詳細はレポートを直にみてほしいが、概要的には

・投資指数は40.6ポイント。前回から4.2ポイントの上昇。3か月後の日経平均株価の見通しについて「1000円程度上昇」の回答率が最も多く、先月からは小幅な増加。
・市場に影響を与え得る要因としては「国際情勢」を挙げる人がトップに。先月よりも増加。
・魅力的な業種は「医薬品」「素材」の順。「電気機器・精密機器」「運輸・公共」「自動車」「金融」はマイナス。
・ドル円相場は前回より円安に振れるとの考えが増加。
・ユーロに対する投資魅力はやや上昇(DIは前回のマイナス53.0からマイナス47.8に)。
・もっとも注目を集めた金融商品は「預貯金」。「株式」のDI値は増加。
という形に。

気になる「保有したい、注目していきたい銘柄」だが、今月も前回同様トップは定番の[トヨタ自動車(7203)]だった。

1位……[トヨタ自動車(7203)]
2位……[武田薬品工業(4502)]
3位……[ソフトバンク(9984)]
4位……【ソニー(6758)】
5位……【みずほフィナンシャルグループ(8411)】
上位を占める銘柄はそれだけ注目を集めていることに他ならない。今回も上位三銘柄は先月から不動で、これらの銘柄に対する期待の高さが改めて確認できる(あるいは単に、情勢に変化が無いだけかもしれない)。またソニーが上位に入っているのは、新型ゲーム機Vitaの発売によるものだろうか。

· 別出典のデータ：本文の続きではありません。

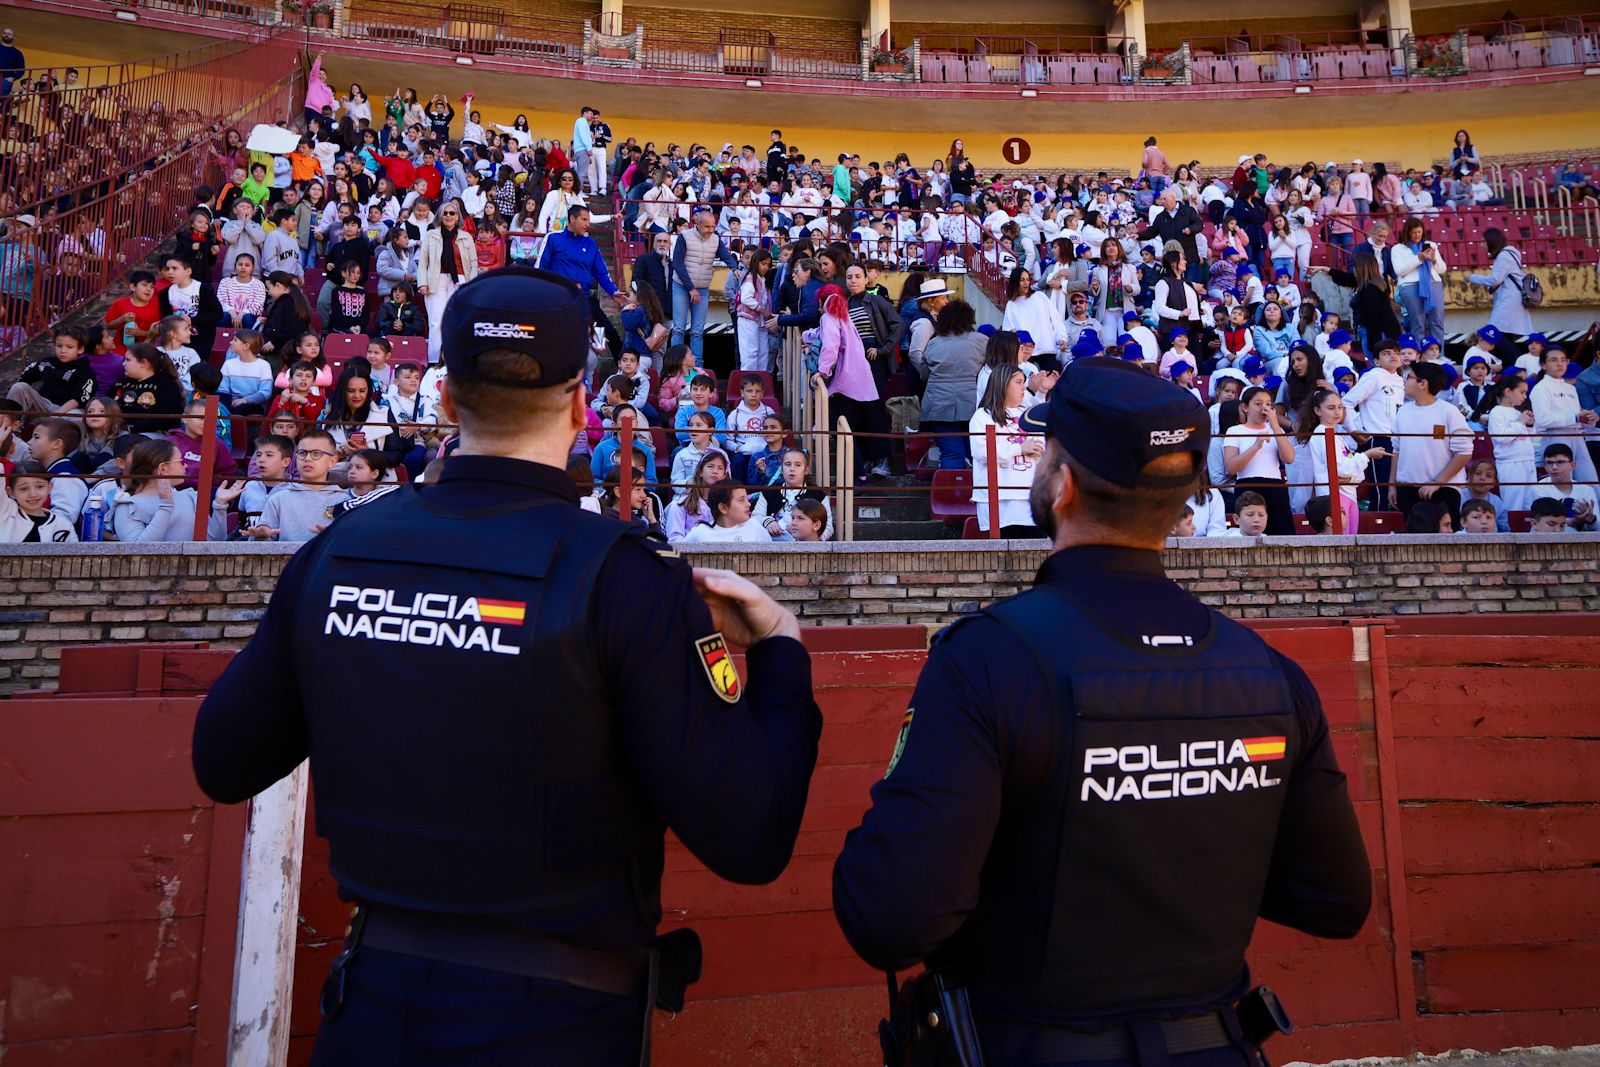 La Policía Nacional de Córdoba organiza una exhibición de medios policiales para las nuevas generaciones

今回も先月同様、震災関連で値が大きく減退して以降、一時期大きく持ち直した値からの下落・軟調さが確認できる。株価はやや持ち直しを期待されているが、大きな活力というほどのものでは無い。何より「今後増やしたい・減らしたい金融商品」で「預貯金」のDIが今だに増加中(先月39.9から44.4)で他の金融商品を大きく上回っているあたり、安易な表現だが「投資家の投資離れ」の気配がかいま見られる。

今調査は、金融資産を多く抱えている高齢層が中心の調査結果。当然、日本国内における各種市場との連動性も低くない。今後も有益な検証素材として、各値の動きを注意深く見守っていかねばなるまい。